Fe, Cu and Mn can accelerate bleach and peroxide decomposition
during washing and bleaching. Water hardness ions e.g. Ca and Mg
can also cause adverse interaction with surfactants used in washing
formulations and lead to a reduction in the effective concentration
available. Fatty acids can precipitate as calcium soaps resulting
in the formation of soap scum.
Chelants are widely used chemicals that control adverse effects of
metal ions in detergent products by chelating the metal. The
chelants are often organic compounds, which form multiple bonds
with a single metal ion. Chelants can be introduced into the
detergent in an acid form or in a salt form; normally the salt form
increases the water-solubility of the chelant. However sodium ions
will interact with the fatty acids of the detergent composition
resulting in the formation of solid soap. Therefore chelants need
to be formulated into the composition containing as small amount of
sodium ions as possible, nevertheless maintaining the solubility of
the chelants. Another requirement for the chelants is their
solubility. Selected chelants need to be soluble and stay soluble
without the requirement of added water into the detergent
composition.

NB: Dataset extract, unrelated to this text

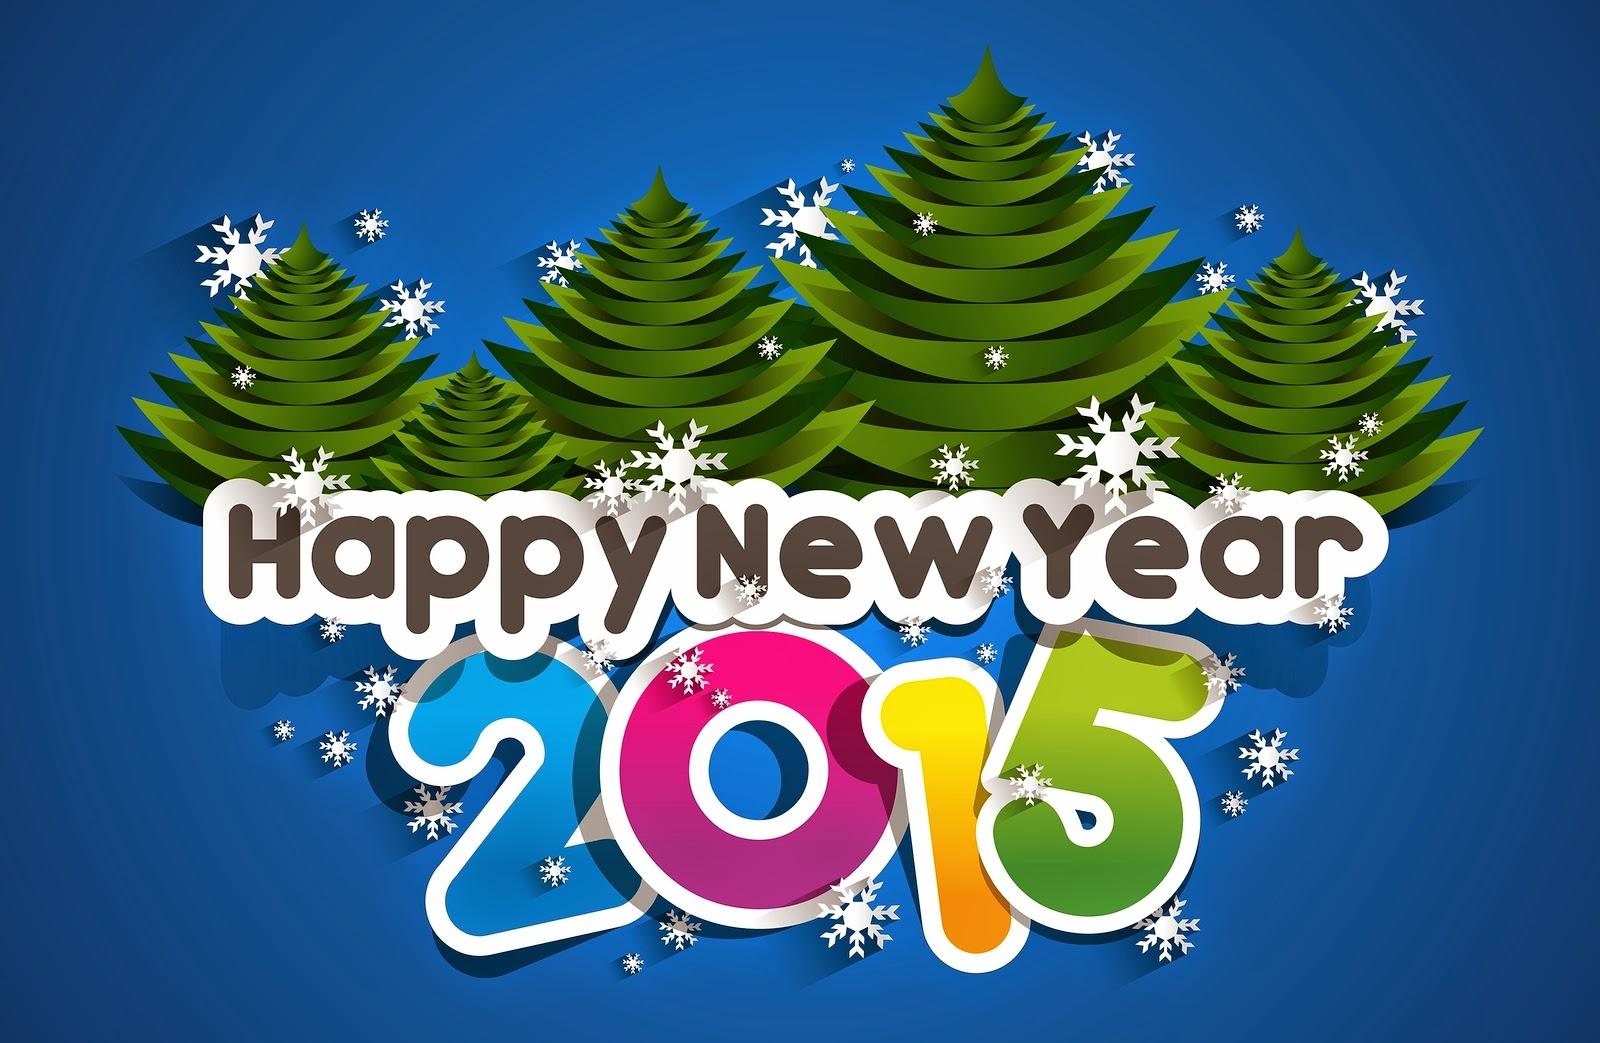 2015 Happy New Year Wallpaper 1600x1043

Additionally chelants need to be stable in solution
during the storage.
Phosphate containing chelants have been used widely because of
phosphates capability to sequester alkaline earth metals. However,
due to legislation in various countries, level of phosphate in
detergents needs to be substantially reduced. Alternatively
detergent manufacturers are supply more phosphate free detergents.
Therefore the detergent composition formulation needs to fulfill
the requirements of regulatory requirements in different
countries.
When formulating the compact liquid detergent composition the
chelant needs to be selected to fulfill the criteria to control the
metal ions, be soluble in the detergent composition, be stabile
during the preparation and storage and fulfill the regulatory
requirements.
In addressing these problems, the Applicant has surprisingly found
that by combining chelants diethylene triamine pentaacetate (DTPA),
in a sodium salt form with S,S-ethylene diamine disuccinic acid
(EDDS) in a 2-amminoethanol neutralized form or in sodium salt
form, the overall quantity of chelants can be decreased while
maintaining good solubility and high activity level. Additionally
the quantity of undesired sodium ions brought into the compact
liquid detergent composition is reduced and therefore formation of
undesired sodium soap is reduced. The compact liquid detergent
composition of the present invention also covers wider regulatory
requirements and can be used as global formulation.
Chelants are known for incorporation into cleaning compositions.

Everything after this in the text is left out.